In that this notion of infinitude is its object, it is thus a consciousness of the distinction as one which at the same time is at once cancelled. Consciousness is for itself and on its own account, it is a distinguishing of what is undistinguished, it is Self-consciousness. I distinguish myself from myself; and therein I am immediately aware that this factor distinguished from me is not distinguished. I, the selfsame being, thrust myself away from myself; but this which is distinguished, which is set up as unlike me, is immediately on its being distinguished no distinction for me. Consciousness of an other, of an object in general, is indeed itself necessarily self-consciousness, reflectedness into self, consciousness of self in its otherness.
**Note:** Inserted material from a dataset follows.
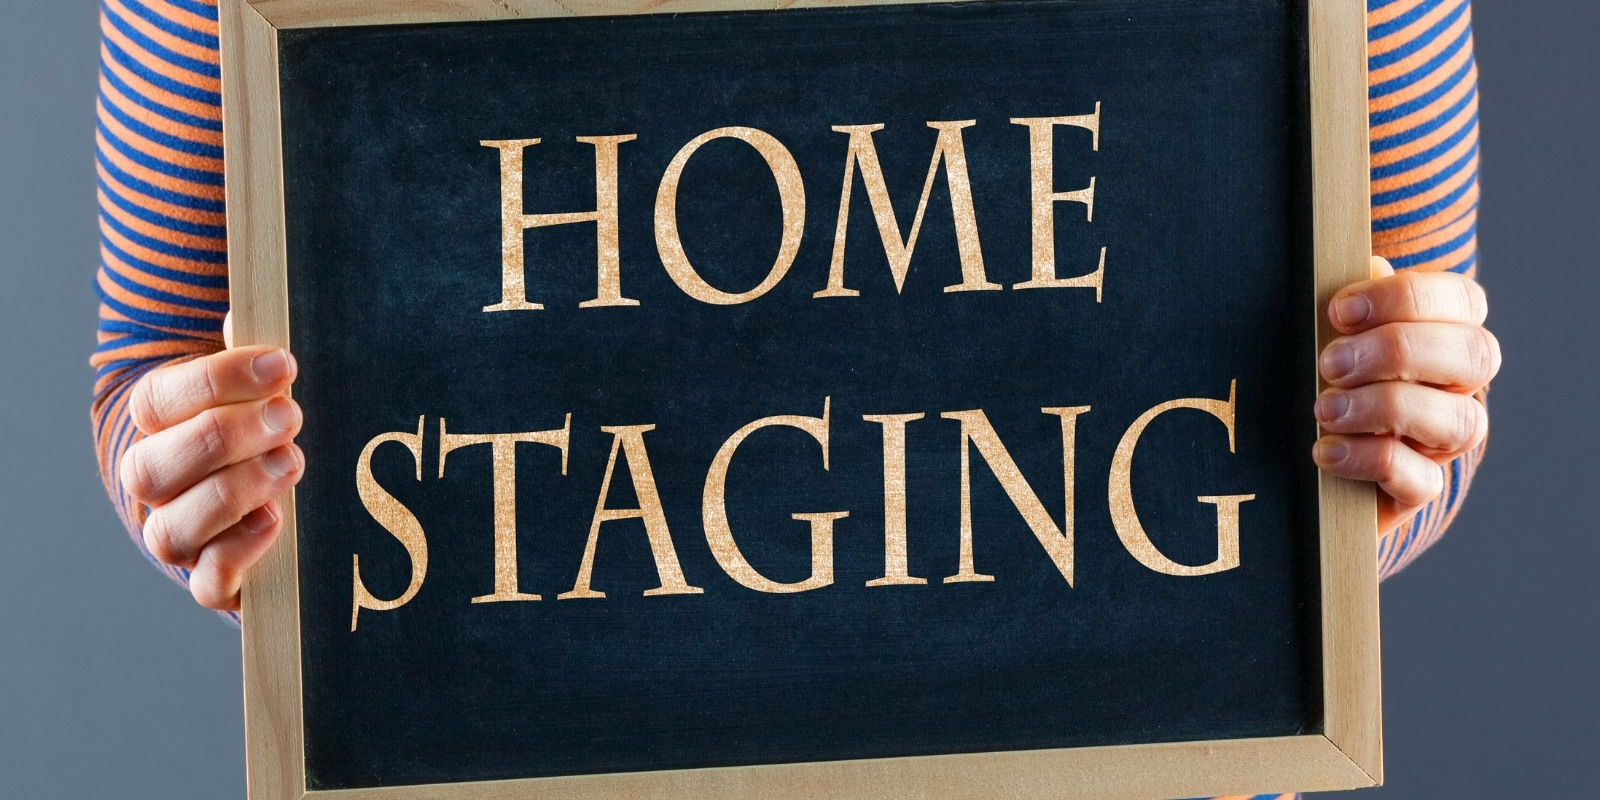 Woman holding a small blackboard that has the words "Home Staging" on it

The necessary advance from the previous attitudes of consciousness, which found their true content to be a thing, something other than themselves, brings to light this very fact that not merely is consciousness of a thing only possible for a self-consciousness, but that this self-consciousness alone is the truth of those attitudes. But it is only for us (who trace this process] that this truth is actually present; it is not yet so for the consciousness immersed in the experience. Self-consciousness has in the first instance become a specific reality on its own account ( für sich ), has come into being for itself; it is not yet in the form of unity with consciousness in general.